:: DATA SECTION
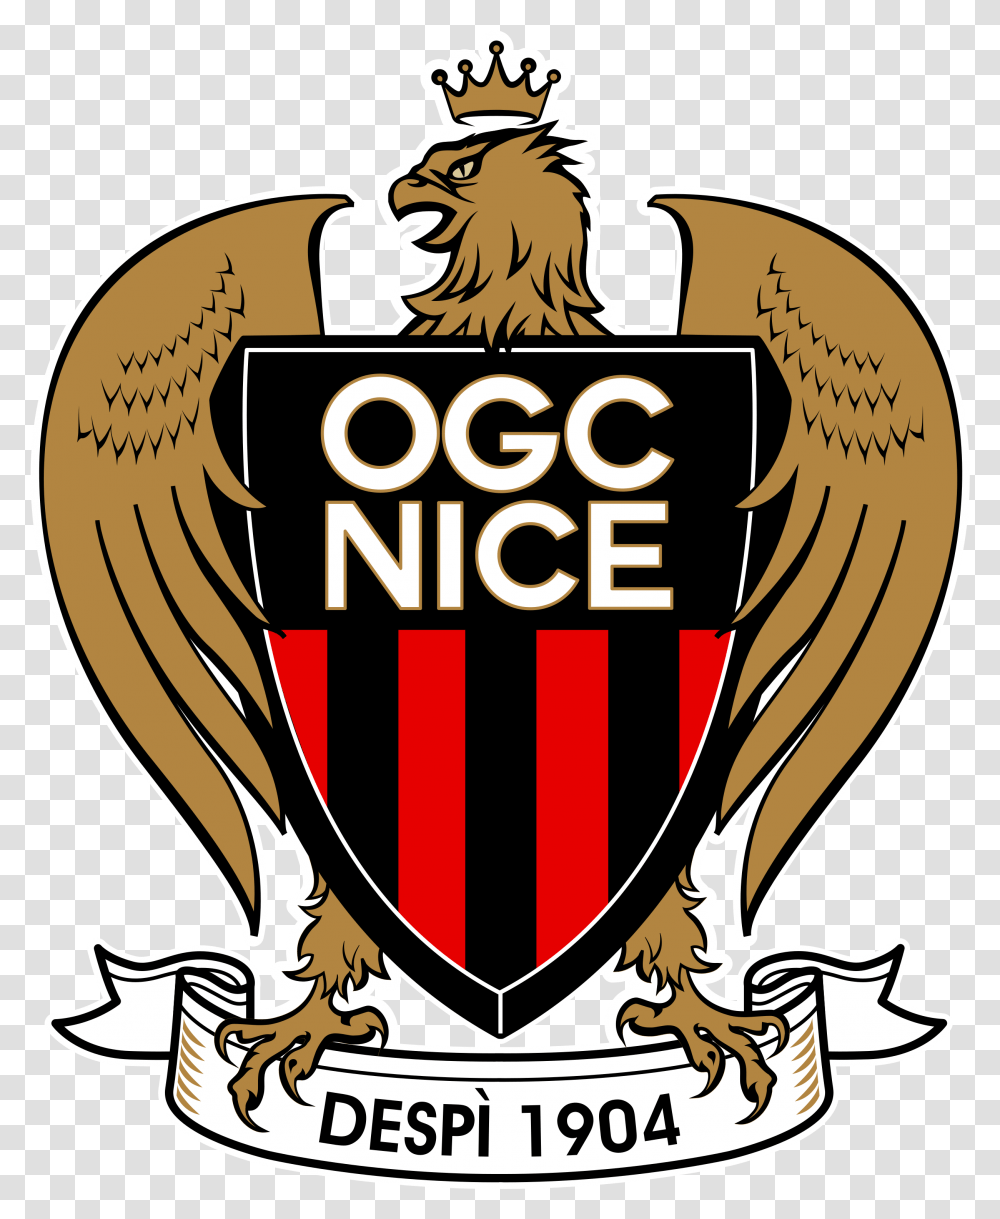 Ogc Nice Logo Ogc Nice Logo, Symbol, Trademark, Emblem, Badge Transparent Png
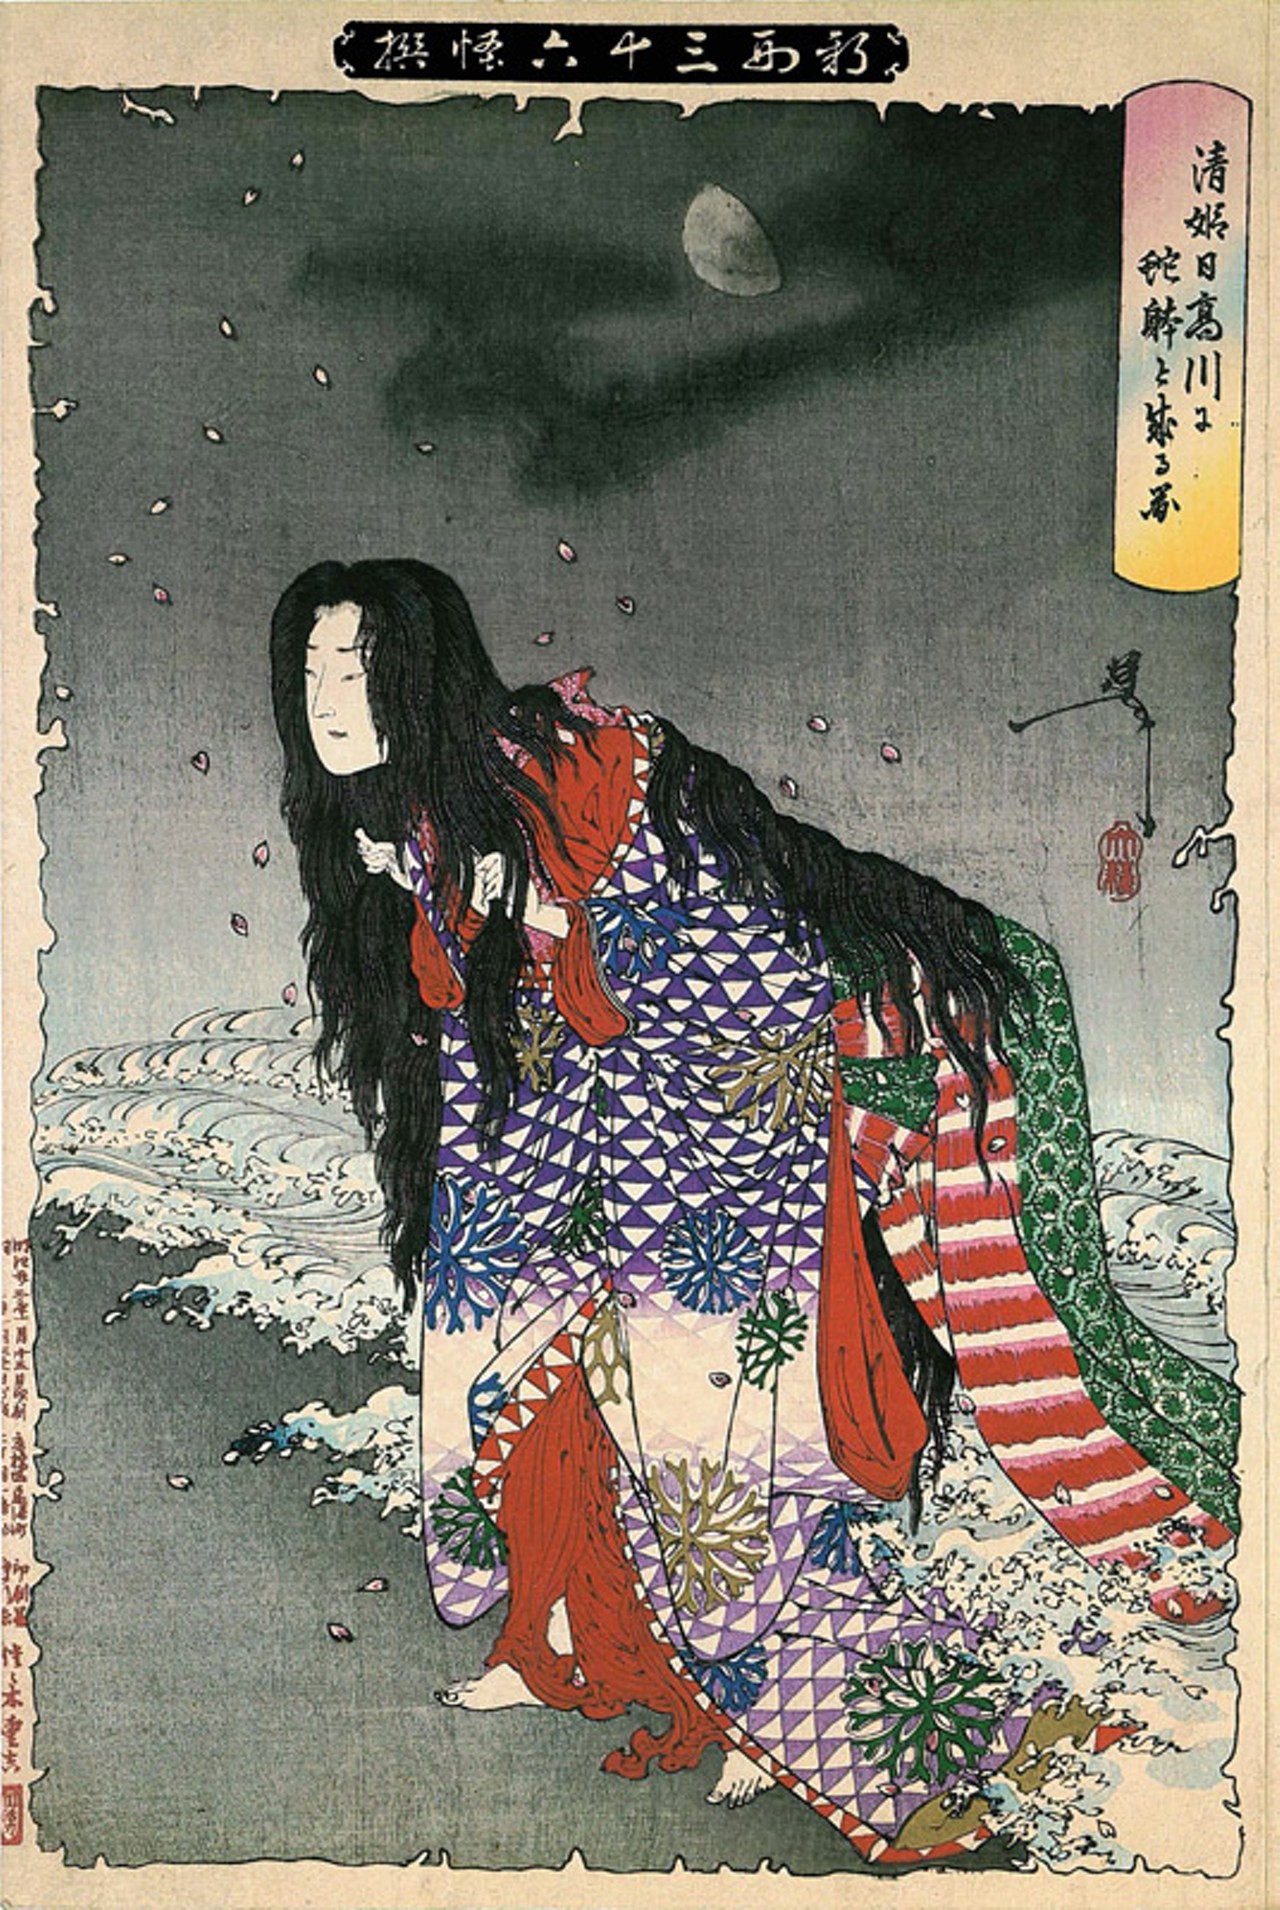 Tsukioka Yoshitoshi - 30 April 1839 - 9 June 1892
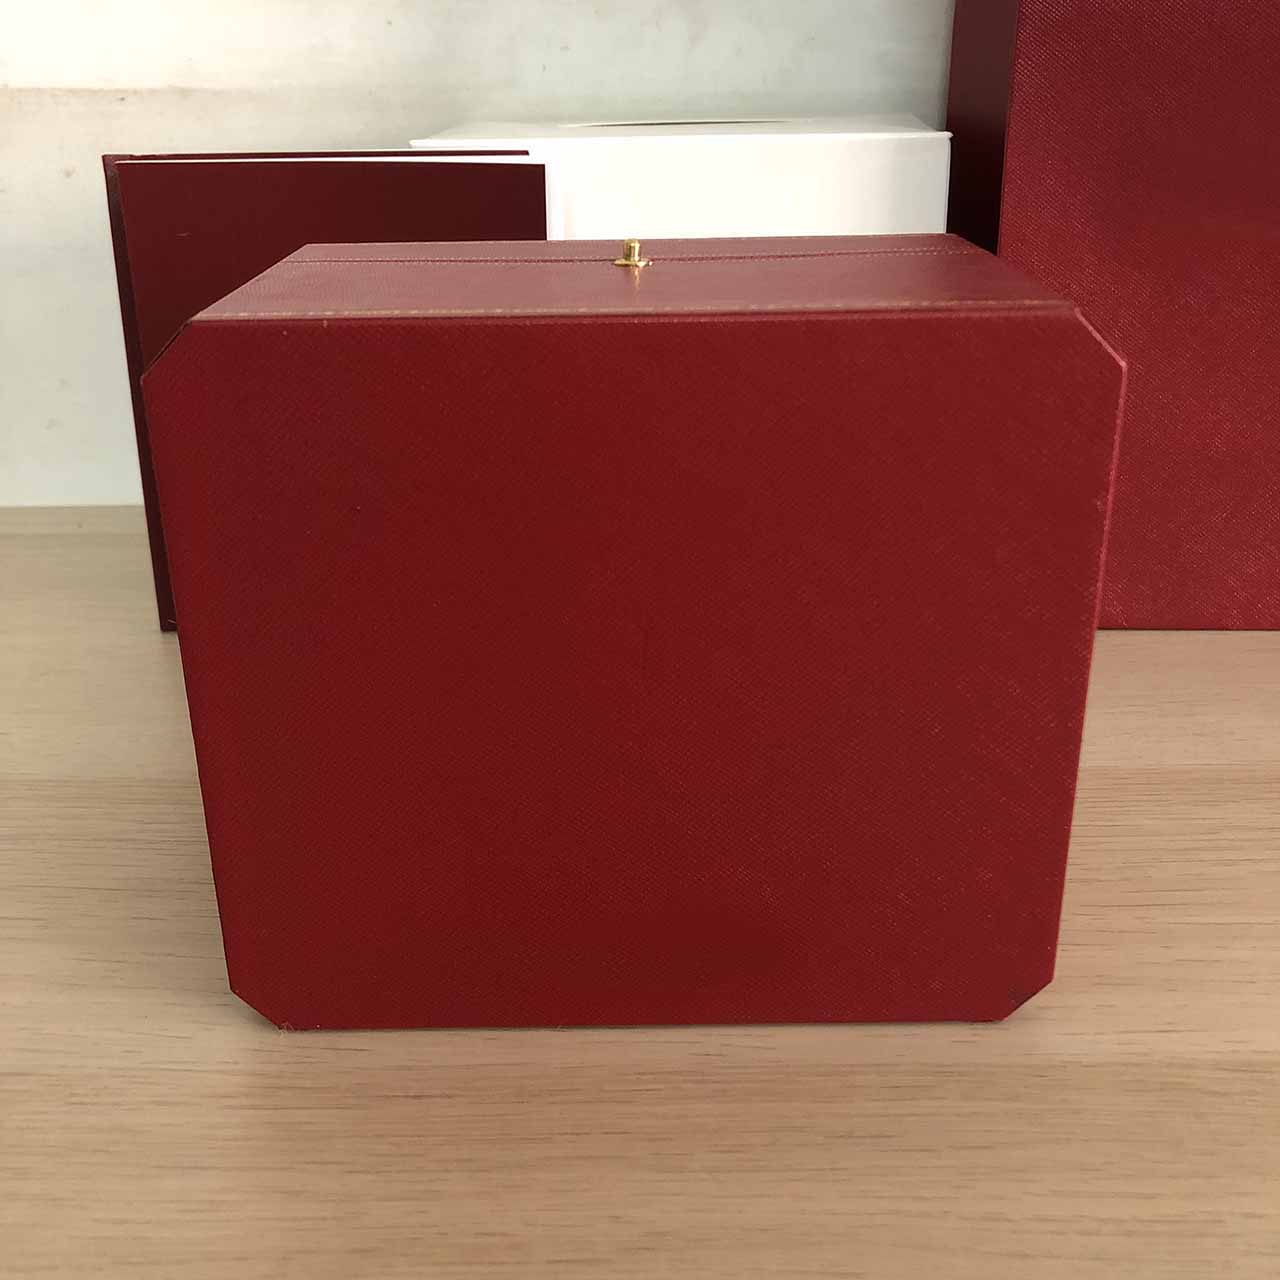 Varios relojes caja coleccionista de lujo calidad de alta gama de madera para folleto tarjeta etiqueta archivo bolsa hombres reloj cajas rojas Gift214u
::::
**YOUR GOAL**. Starting at the line that contains "Tsukioka Yoshitoshi - 30", retype each line through the final one in the listing, with both ends kept and the pictures omitted.

**FINAL ANSWER**.
 Tsukioka Yoshitoshi - 30 April 1839 - 9 June 1892
 Varios relojes caja coleccionista de lujo calidad de alta gama de madera para folleto tarjeta etiqueta archivo bolsa hombres reloj cajas rojas Gift214u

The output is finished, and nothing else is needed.